Print each line below verbatim, skipping every picture.

(DATA SECTION)

◇ ◇ ◇

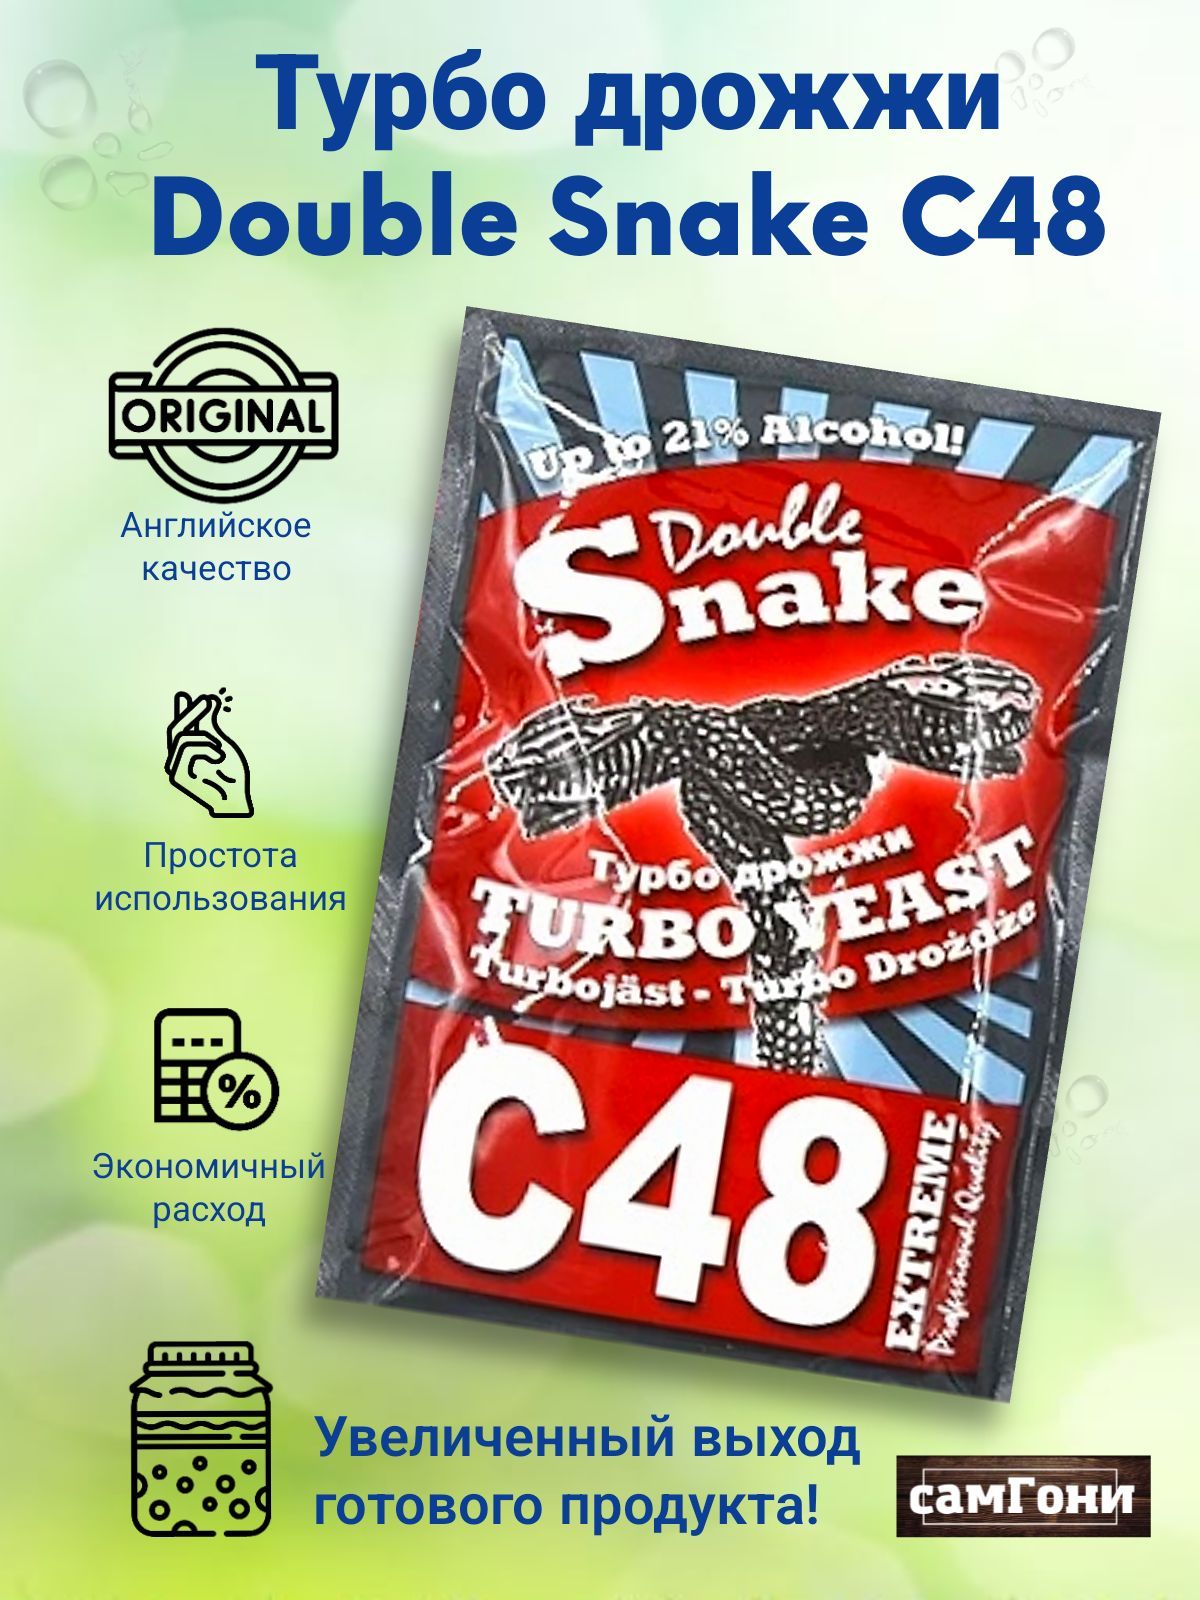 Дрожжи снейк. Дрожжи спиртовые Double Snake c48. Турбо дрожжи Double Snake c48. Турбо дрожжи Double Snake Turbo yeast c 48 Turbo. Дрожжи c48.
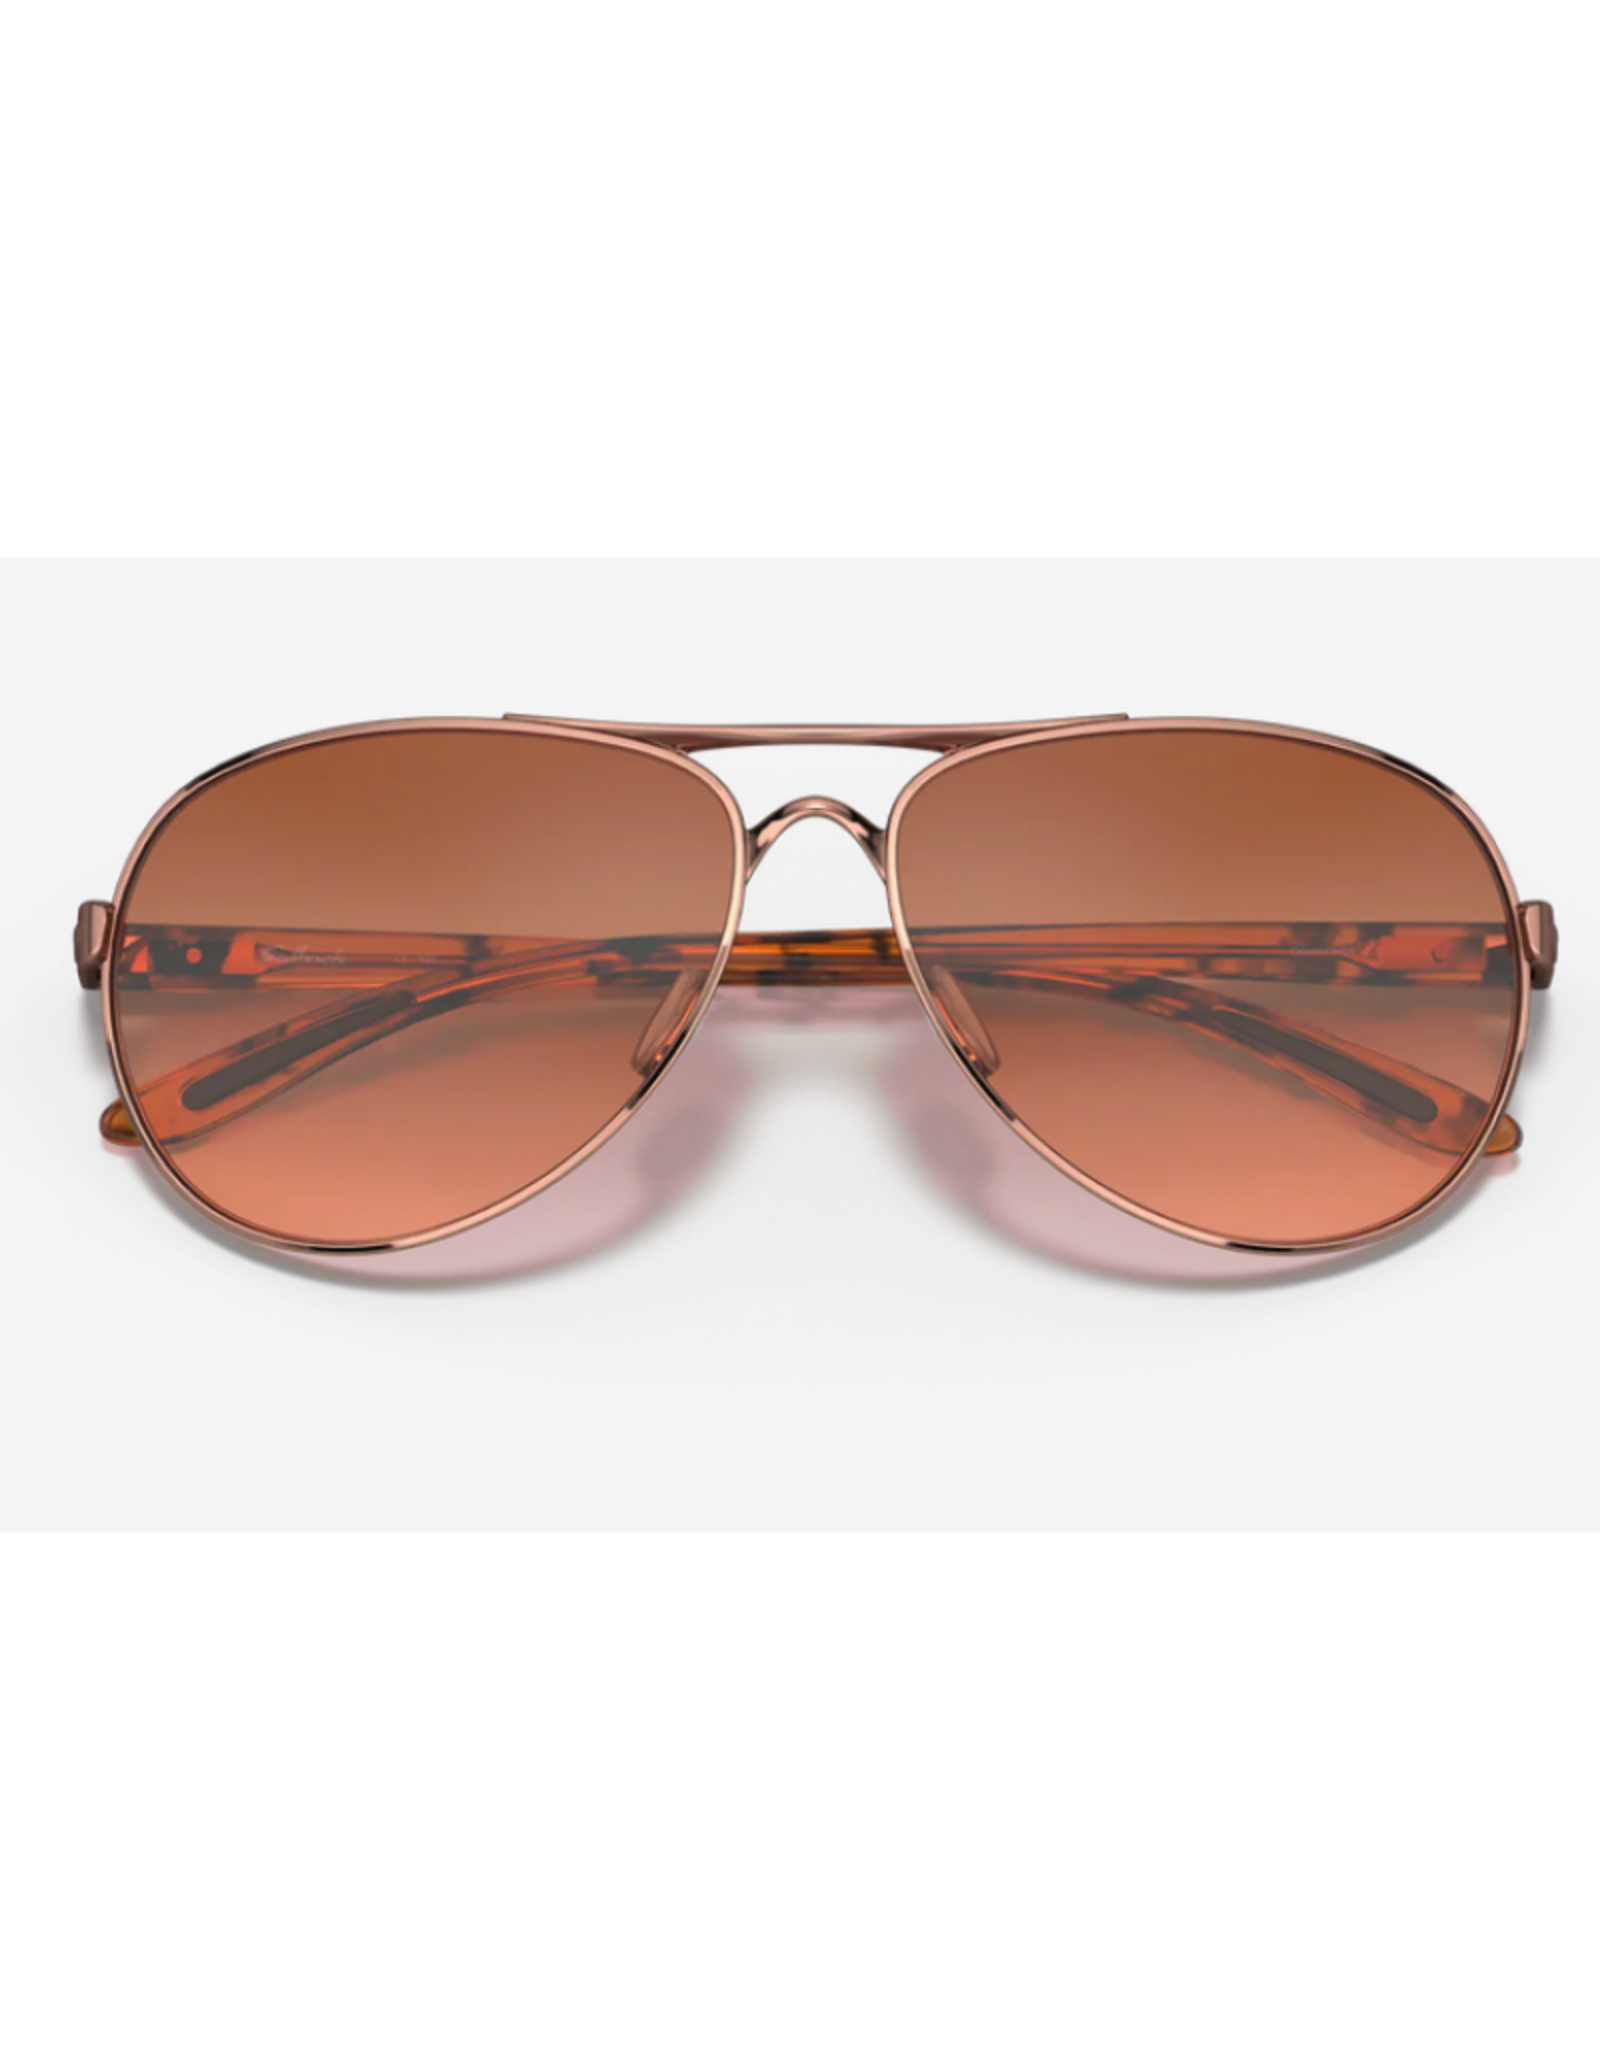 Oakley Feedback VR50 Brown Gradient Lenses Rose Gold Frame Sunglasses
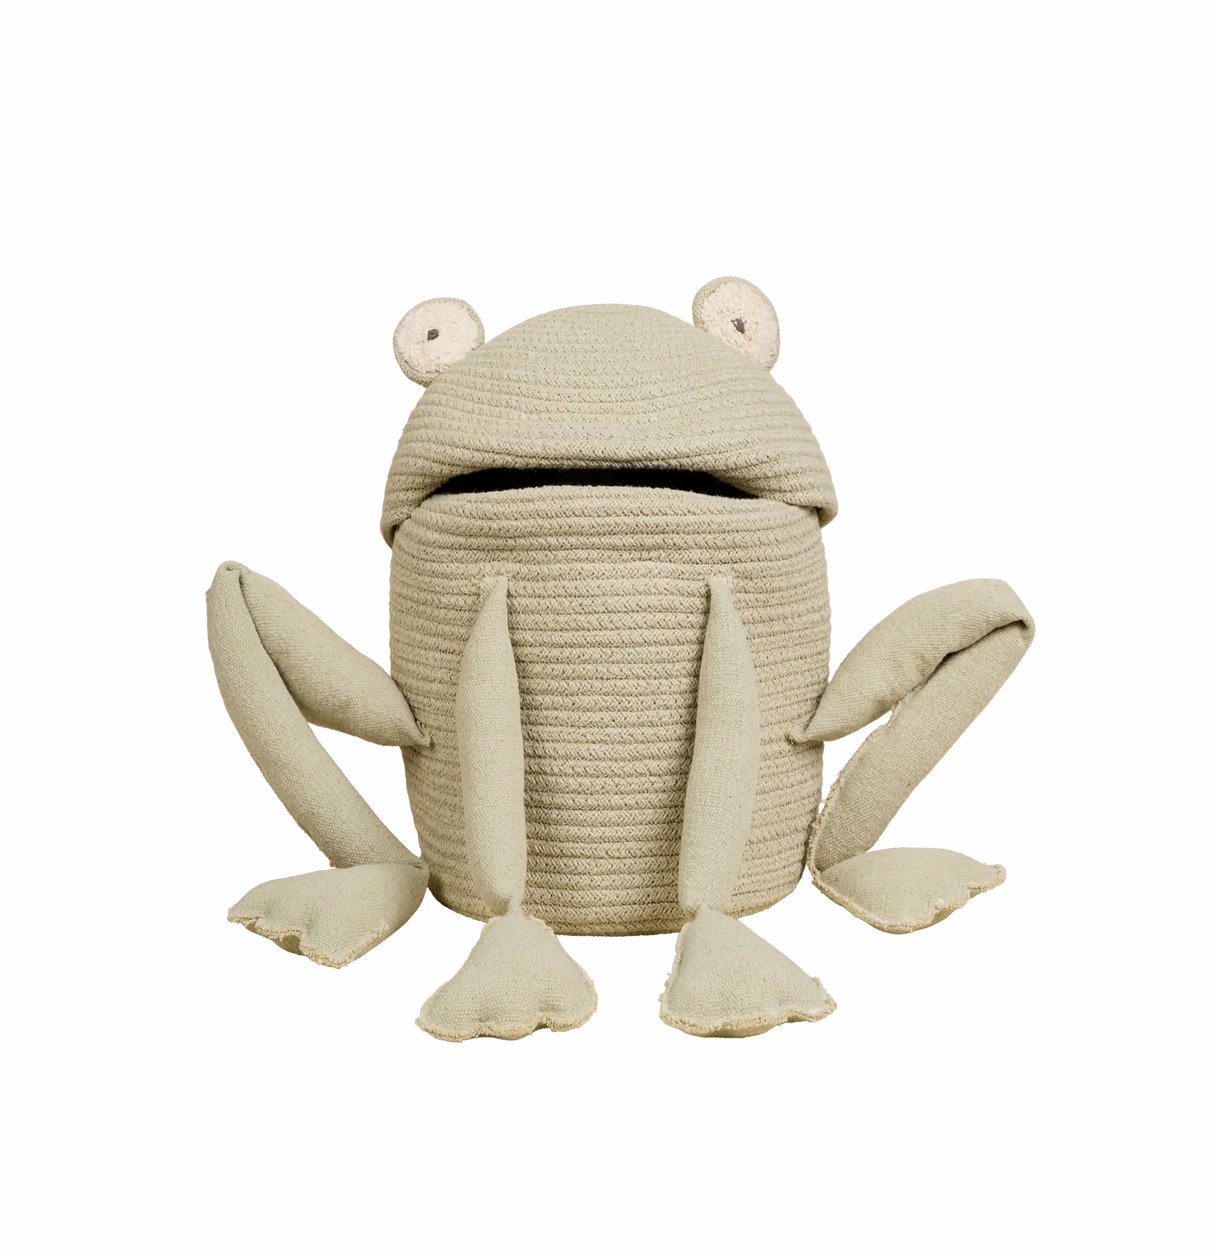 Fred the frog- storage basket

◇ ◇ ◇

(RESPONSE AREA)
 Дрожжи снейк. Дрожжи спиртовые Double Snake c48. Турбо дрожжи Double Snake c48. Турбо дрожжи Double Snake Turbo yeast c 48 Turbo. Дрожжи c48.
 Oakley Feedback VR50 Brown Gradient Lenses Rose Gold Frame Sunglasses
 Fred the frog- storage basket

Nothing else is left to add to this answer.